▸ Input data
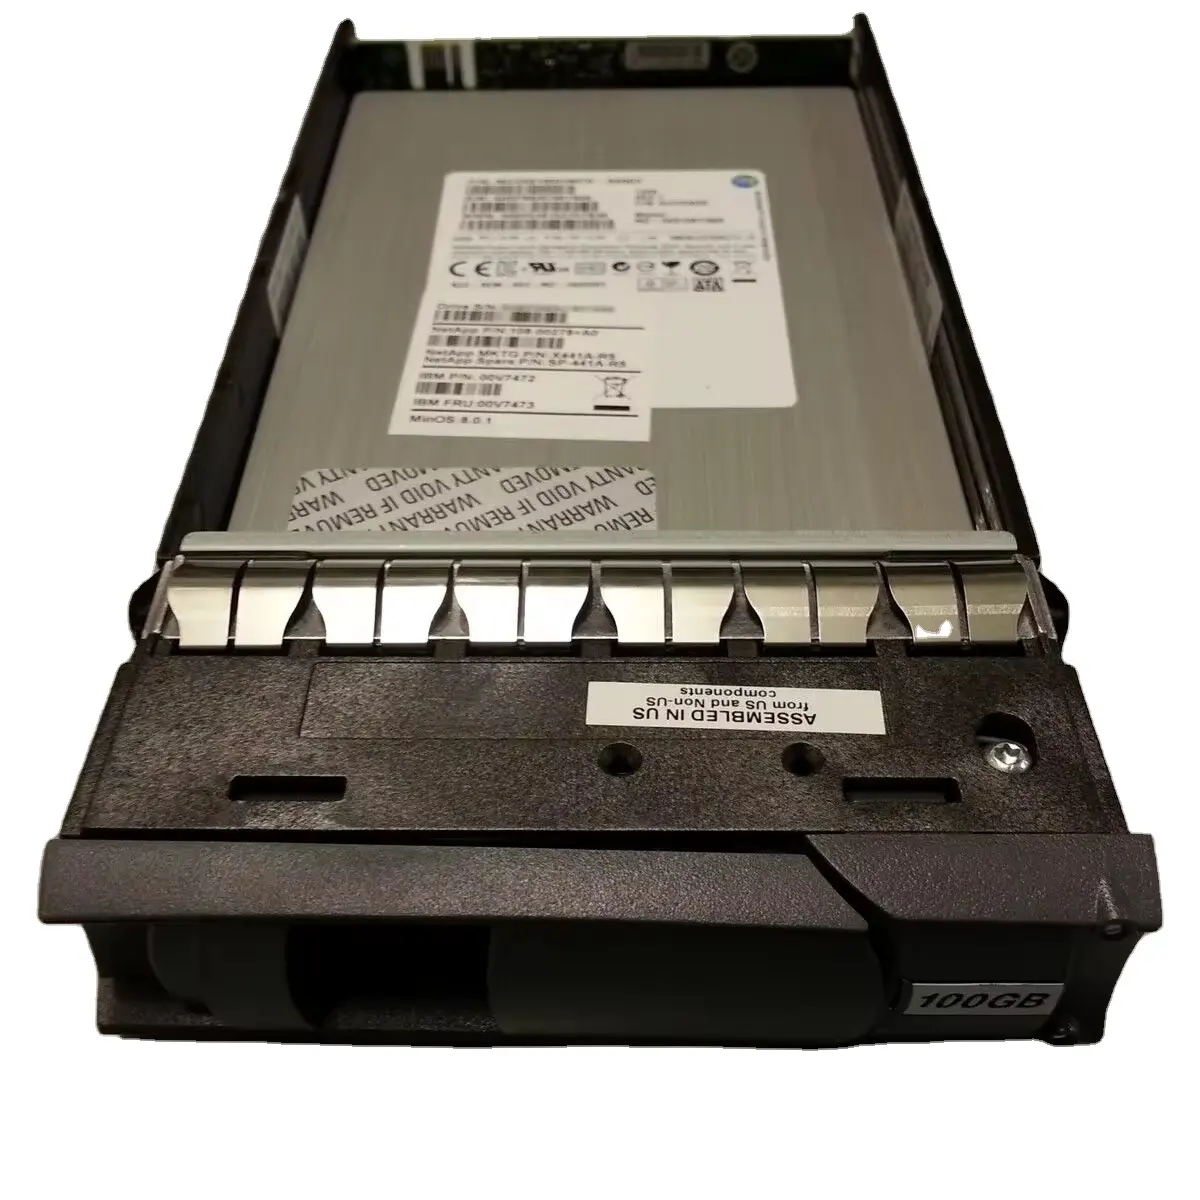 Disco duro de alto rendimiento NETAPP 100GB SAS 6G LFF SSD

* * *

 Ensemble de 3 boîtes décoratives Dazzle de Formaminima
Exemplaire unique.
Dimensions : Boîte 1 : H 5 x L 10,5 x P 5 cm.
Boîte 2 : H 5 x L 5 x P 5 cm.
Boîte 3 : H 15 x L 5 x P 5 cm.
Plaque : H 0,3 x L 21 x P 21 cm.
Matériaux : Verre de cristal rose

▸ Problem
What you return should be exactly the lines above, starting at the one with "Boîte 2 : H 5 x L 5 x P 5 cm." and ending at the one with "Matériaux : Verre de cristal rose", and nothing else.

▸ Written solution
Boîte 2 : H 5 x L 5 x P 5 cm.
Boîte 3 : H 15 x L 5 x P 5 cm.
Plaque : H 0,3 x L 21 x P 21 cm.
Matériaux : Verre de cristal rose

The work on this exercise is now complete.